Top of Provided data

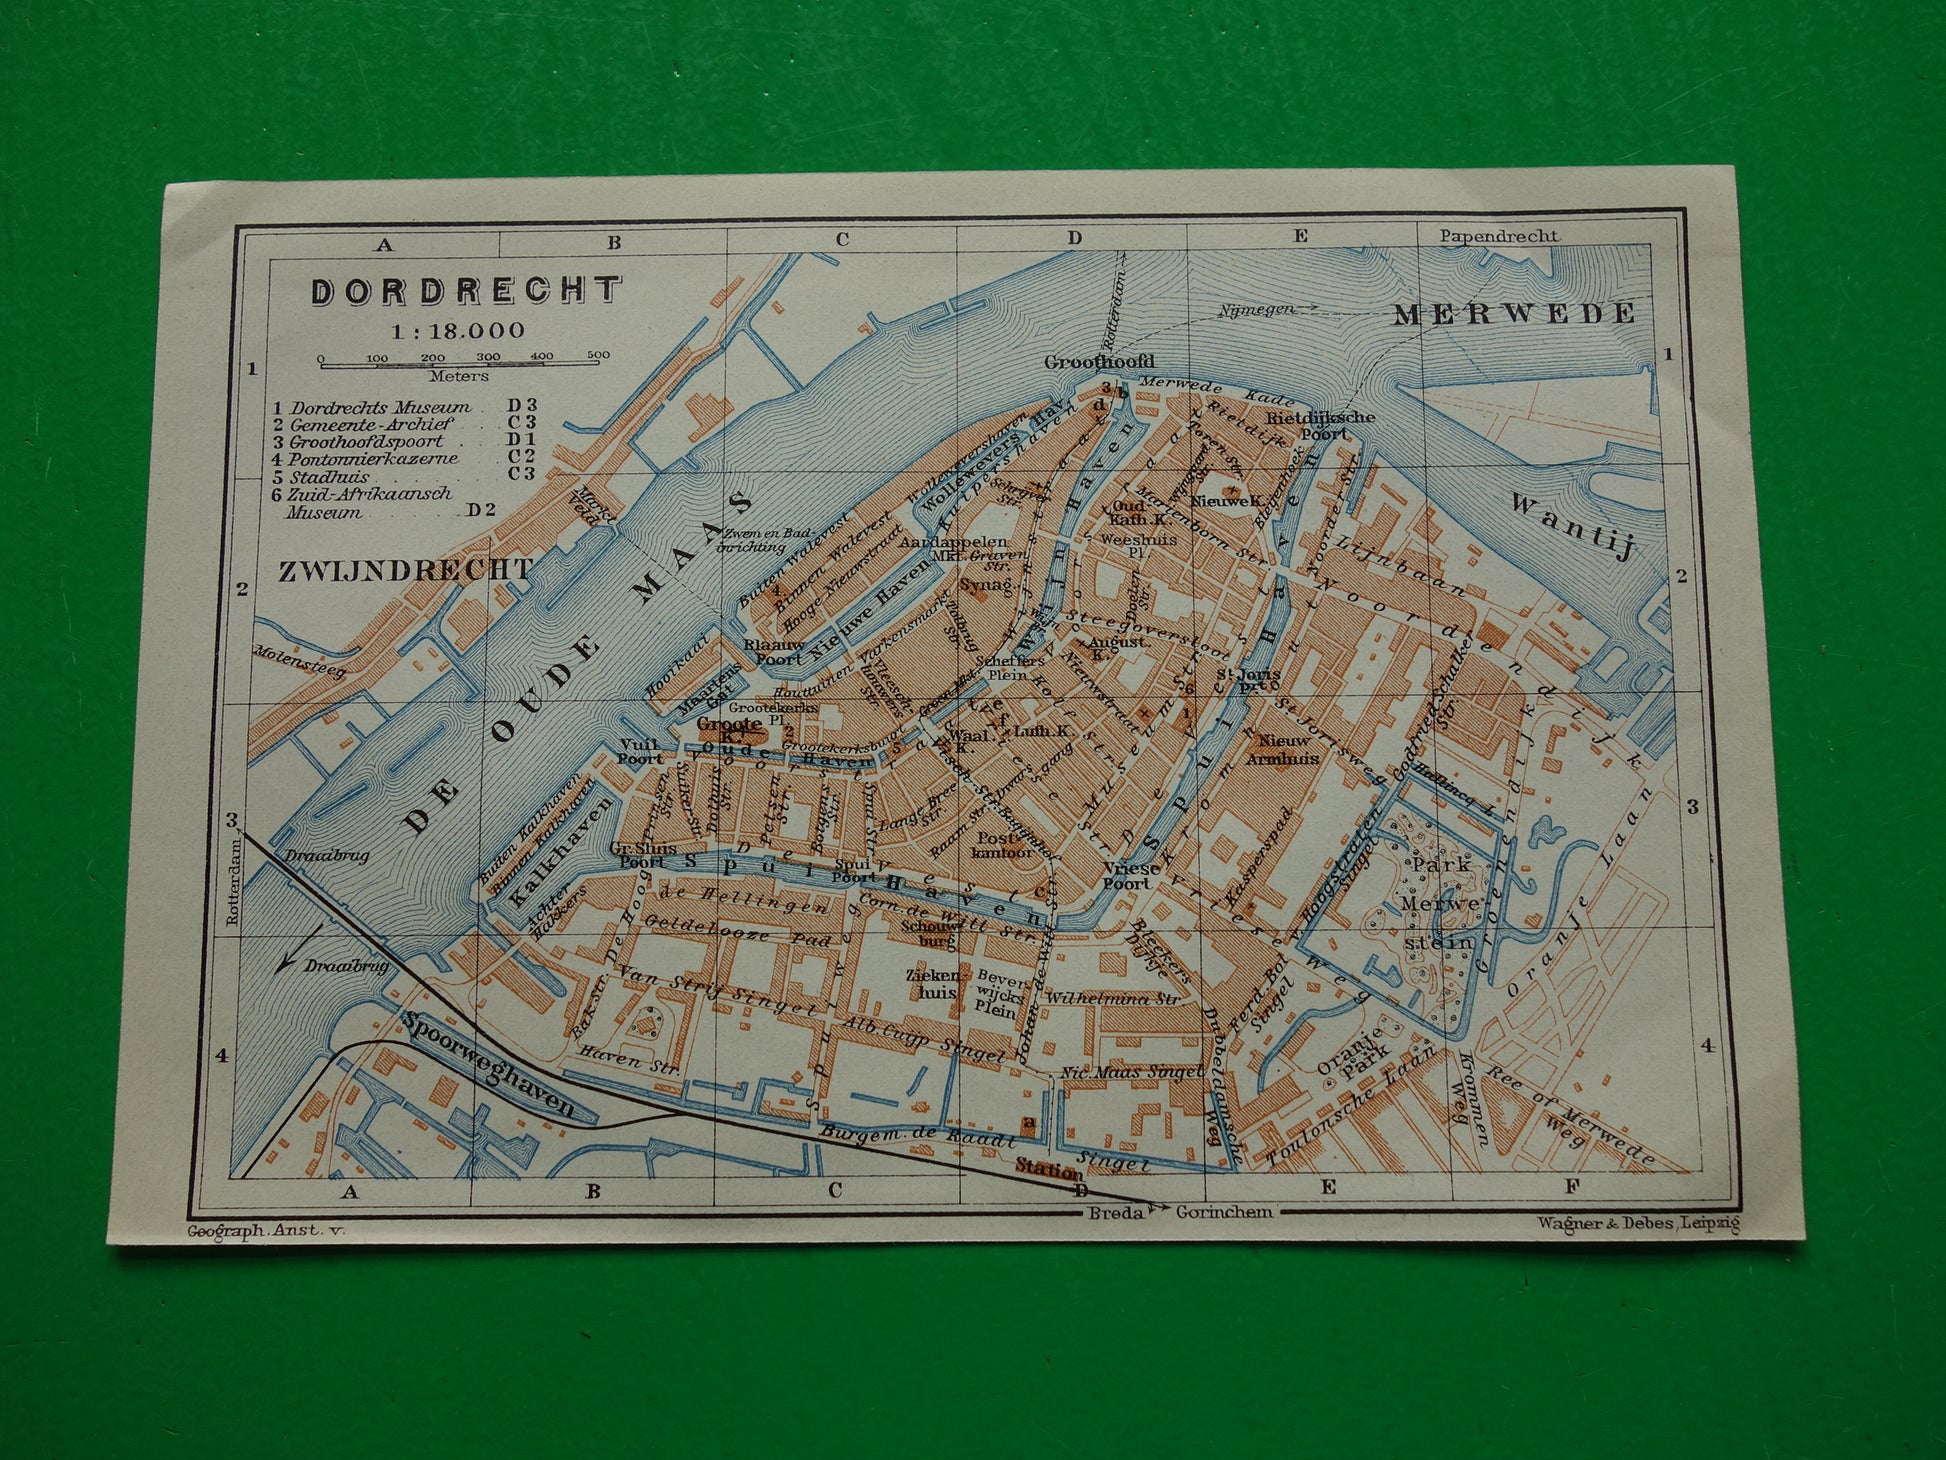 DORDRECHT oude kaart van Dordrecht uit 1910 kleine originele antieke plattegrond Nederland
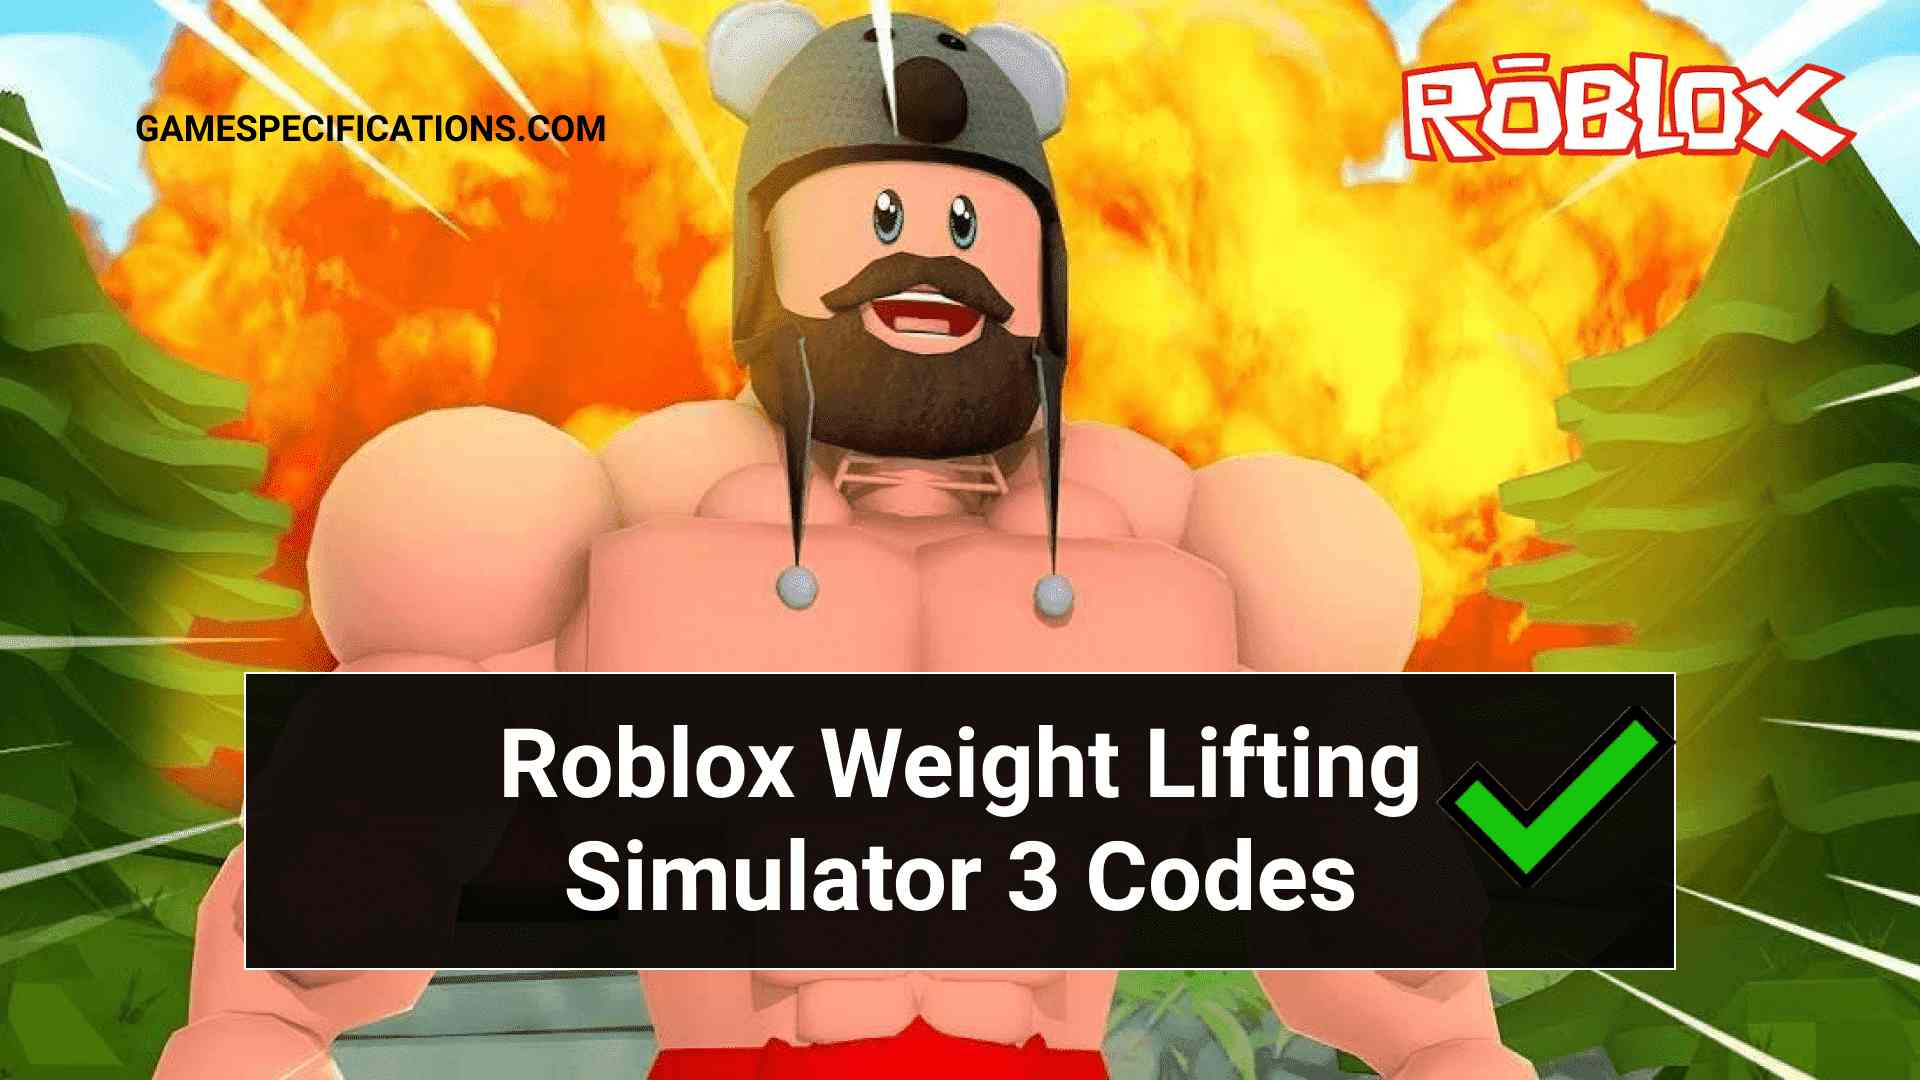 17 Roblox Weight Lifting Simulator 3 Codes July 2021 Game Specifications - lifting simulator roblox
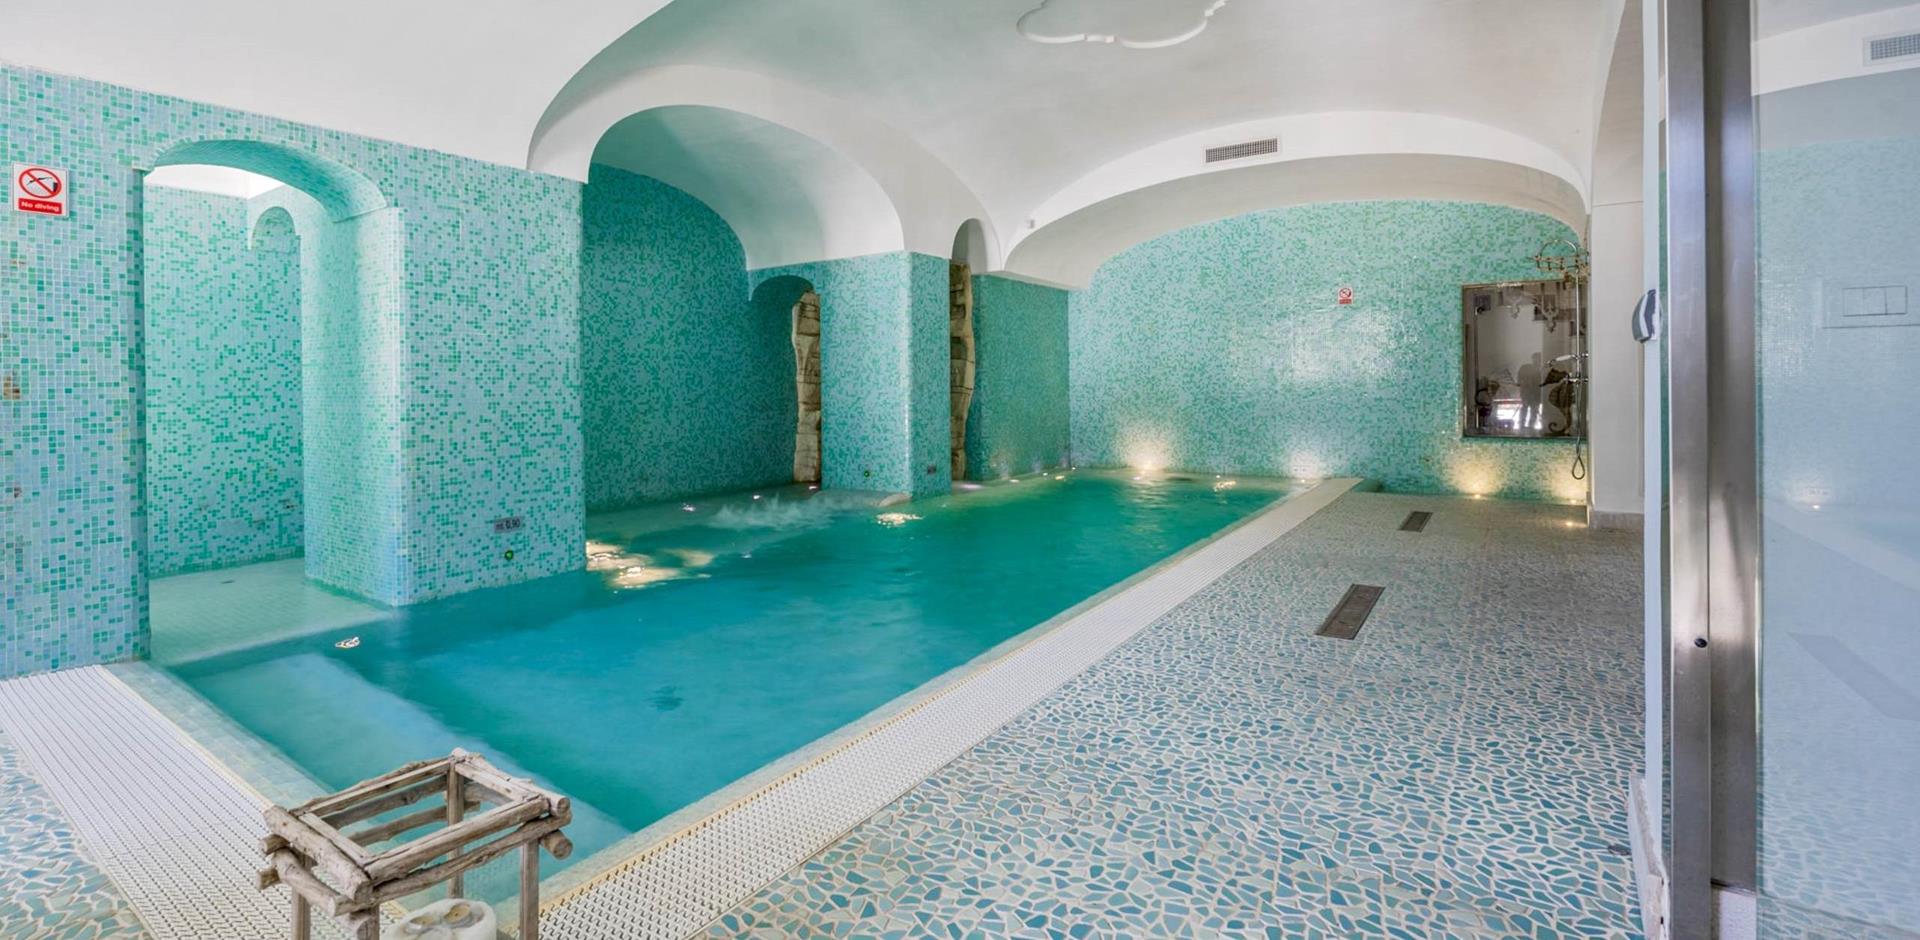 Indoor pool, La Perla, Positano, Italy

Bottom of Provided data

None of the pictures should appear, though every line of the data above must be reproduced exactly.

• _Answer space_
 DORDRECHT oude kaart van Dordrecht uit 1910 kleine originele antieke plattegrond Nederland
 17 Roblox Weight Lifting Simulator 3 Codes July 2021 Game Specifications - lifting simulator roblox
 Indoor pool, La Perla, Positano, Italy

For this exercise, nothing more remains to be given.